Opportunity Zones – Unique Investment Vehicle and Opportunity to Defer Capital Gains Tax

  • Jan 8, 2019

As part of the Tax Cuts & Jobs Act of 2017, the Act allowed for the creation of “opportunity zones” in certain designated low income census tracts. Kentucky has designated 144 zones in 84 counties, including Bowling Green and the surrounding counties. Individuals who invest in businesses or real estate through Qualified Opportunity Funds are eligible for federal tax benefits in the form of deferral of capital gains tax.

Unlike prior “like-kind exchange” rules, the Opportunity Zone (OZ)rules do not require that gain realized from the sale of real estate be invested back solely into real estate.  Gain recognized from the sale of the real estate can be invested into a qualified opportunity zone business.  Likewise, capital gains realized from the sale of stock, mutual funds or other business assets may be reinvested either into real estate in the OZ or into a qualified opportunity zone business..

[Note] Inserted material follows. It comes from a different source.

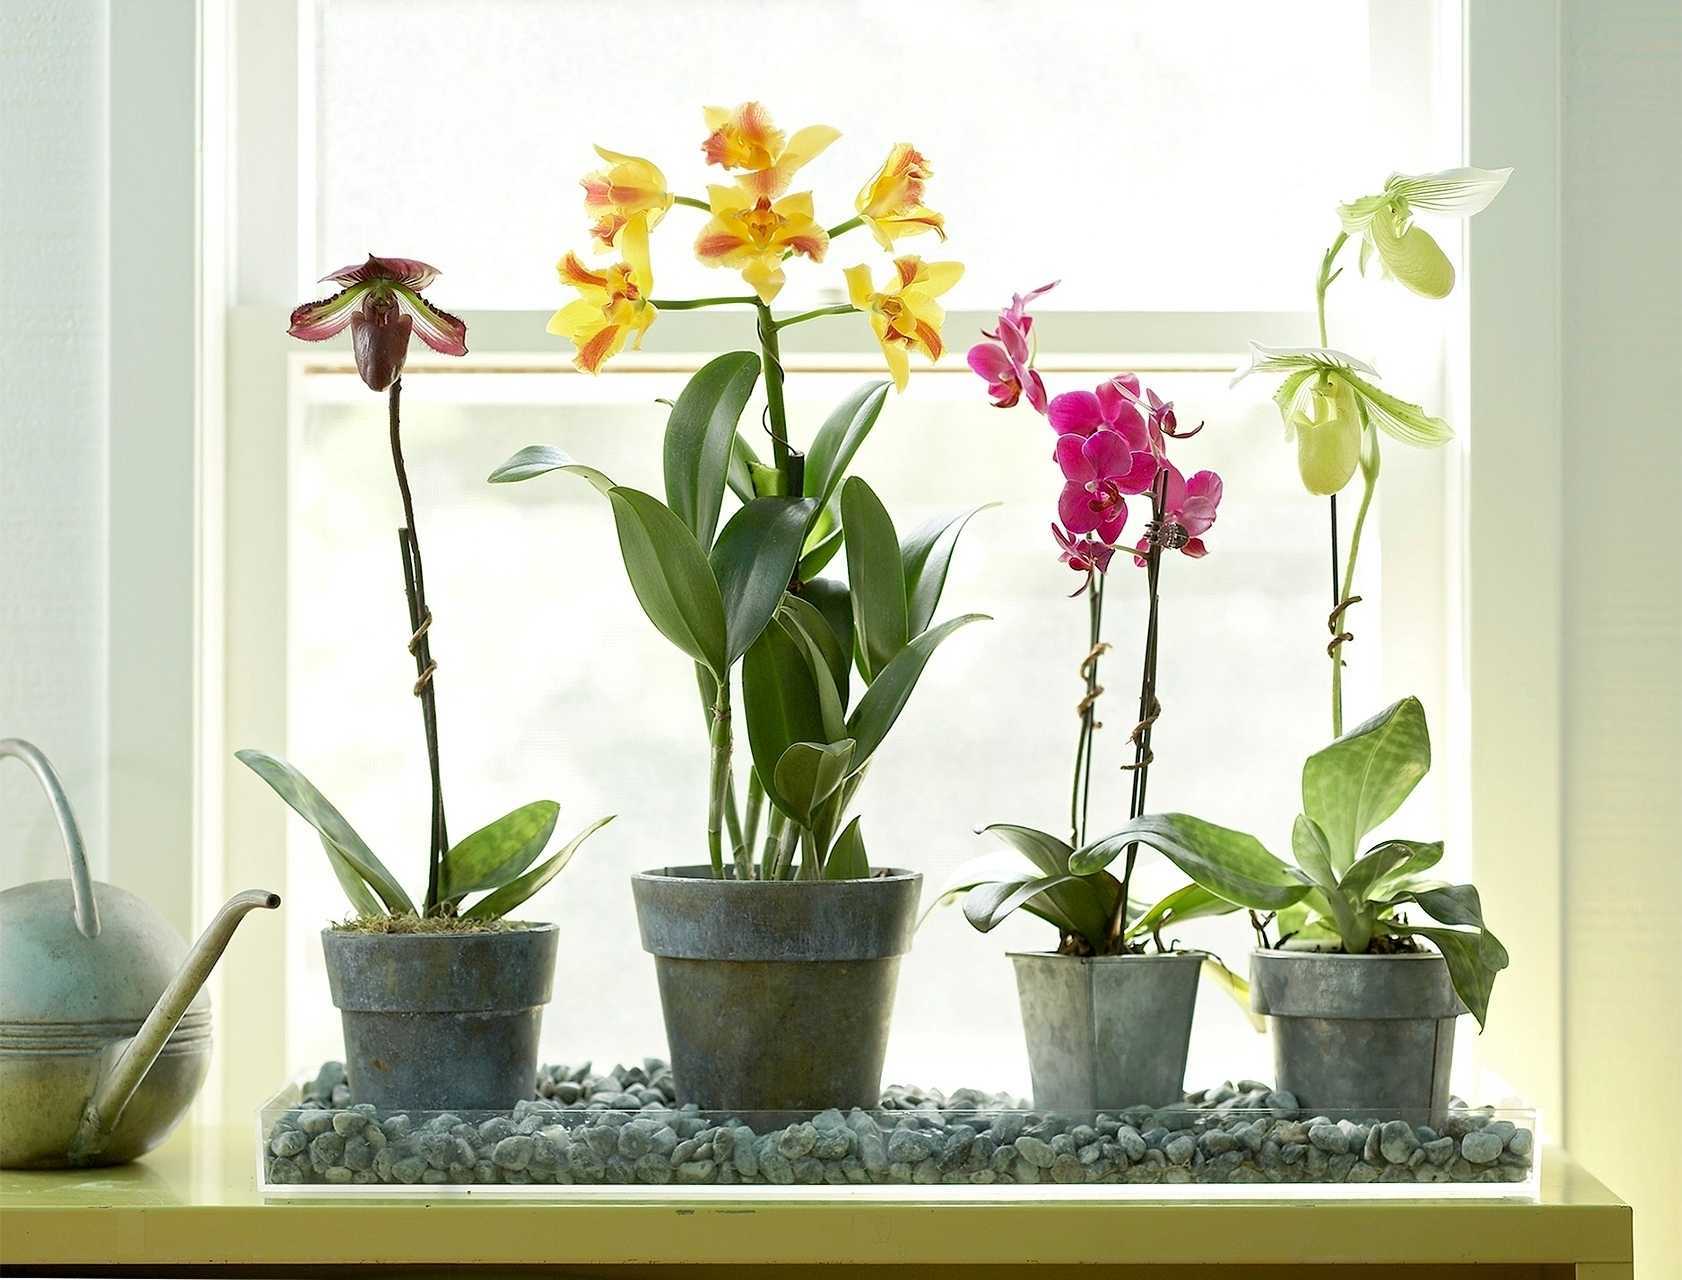 Способы полива орхидей: методом погружения, в закрытой системе и в коре, а также пошаговая инструкция по увлажнению selo.guru — интернет портал о сельском хозяйстве

The gain recognized from the sale of real estate or business assets which are reinvested into an OZ may be eligible for deferral; a stepped-up basis; or permanent exclusion.  Capital gains reinvested into an OZ are entitled to deferral until either the later of the sale of the OZ investment or until December 31, 2026.  The capital gains is also entitled to a 10% step-up in basis if held in the OZ investment for a minimum five years. If held for seven years, the investment is entitled to an additional 5% step up, allowing for the exclusion of up to 15% of the original gain from taxation.

Capital gains on the OZ investment is entitled to permanent exclusion from taxation if held for at least 10 years. (This applies to the gain on the OZ investment, not the original gain).

In order to qualify for the deferral, the capital gains must be reinvested into a qualified opportunity fund within 180 days.  This fund is not necessarily a mutual fund, but can be in the form of a corporation, a limited liability company or a partnership.

The proposed regulations contain specific requirements for the qualification of a corporation, LLC or partnership as a Qualified Opportunity Fund and also specific requirements as to the qualification of the business assets in order to preserve the qualification of the business or the real estate.  While qualification is self-certified under the regulations, an investor should consult with their attorney and/or accountant before making such an investment to assure compliance.